▶

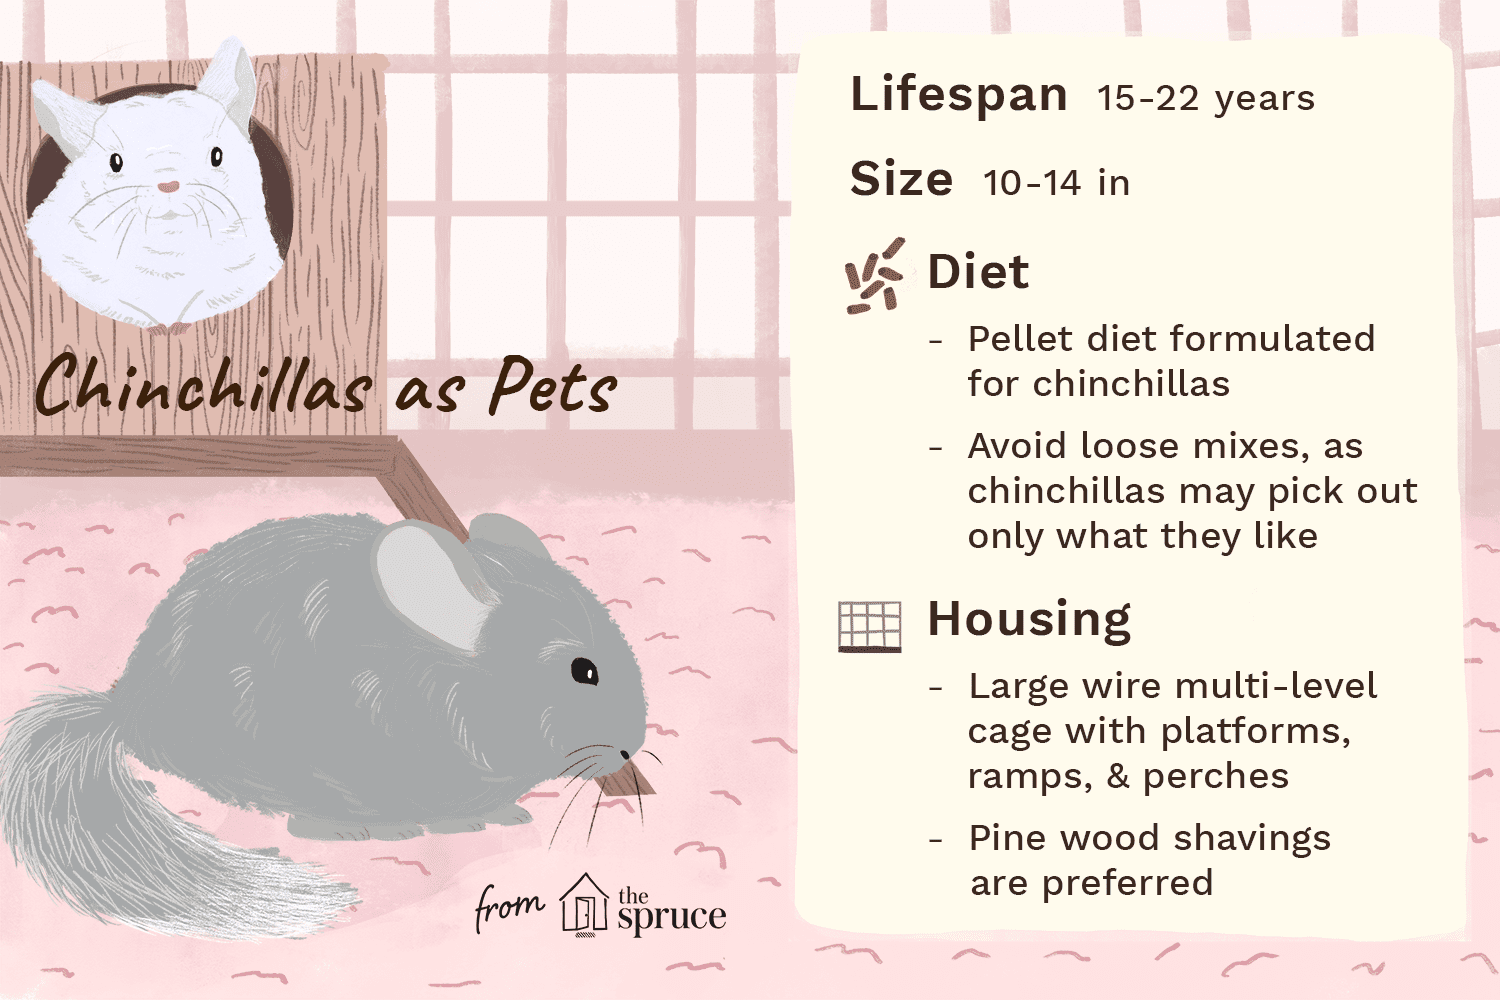 illustration of chinchillas as pets—care sheet
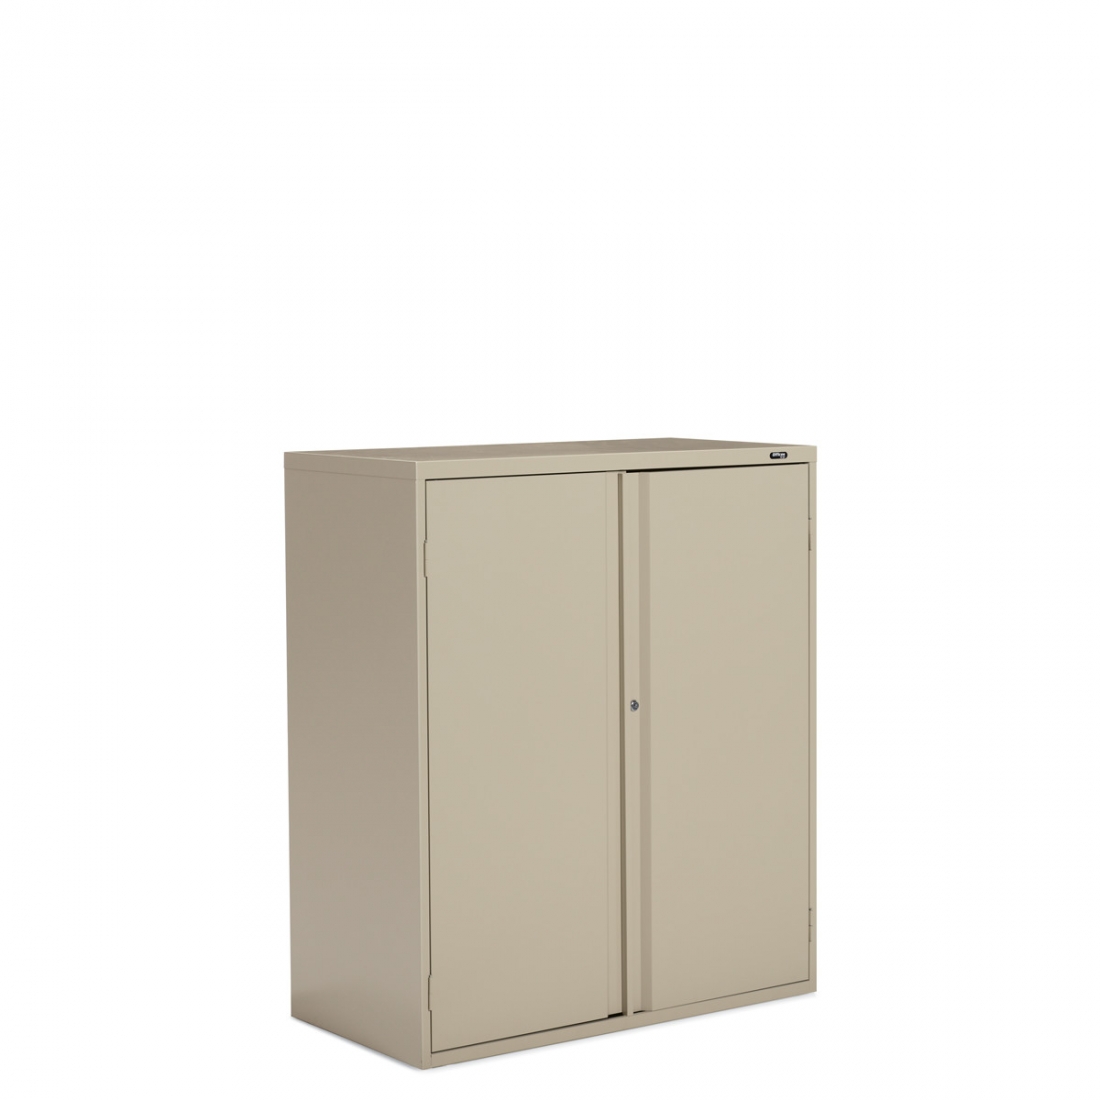 42" High Recessed Angled Full Pull Storage Cabinet
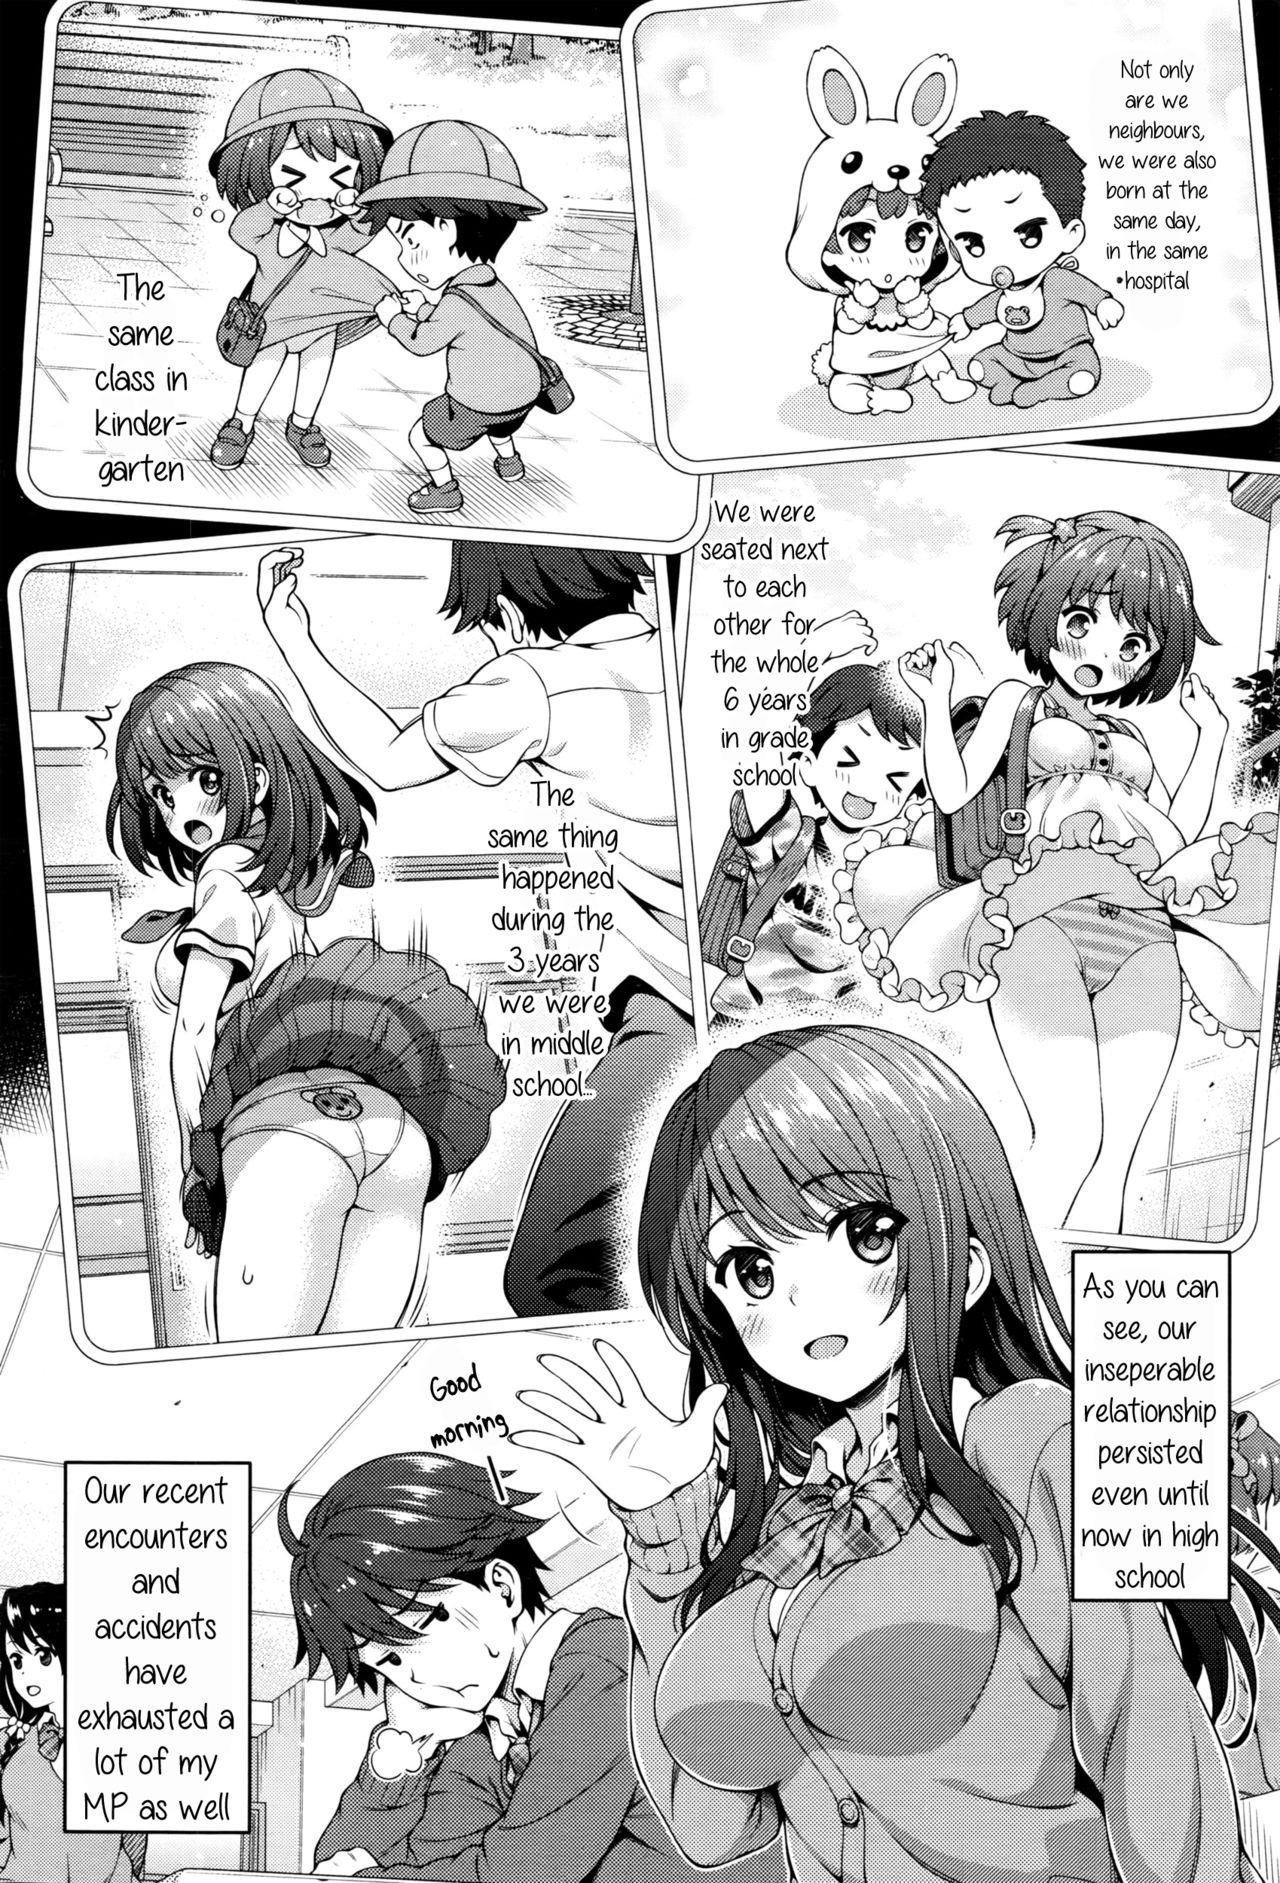 White Chick Akai Ito no Noroi | The Red String's Curse Titties - Page 4

◀

* [Description of the task]:
When you repeat the material, keep every word exact and drop the pictures.

* [Reply to the exercise]:
 illustration of chinchillas as pets—care sheet
 42" High Recessed Angled Full Pull Storage Cabinet
 White Chick Akai Ito no Noroi | The Red String's Curse Titties - Page 4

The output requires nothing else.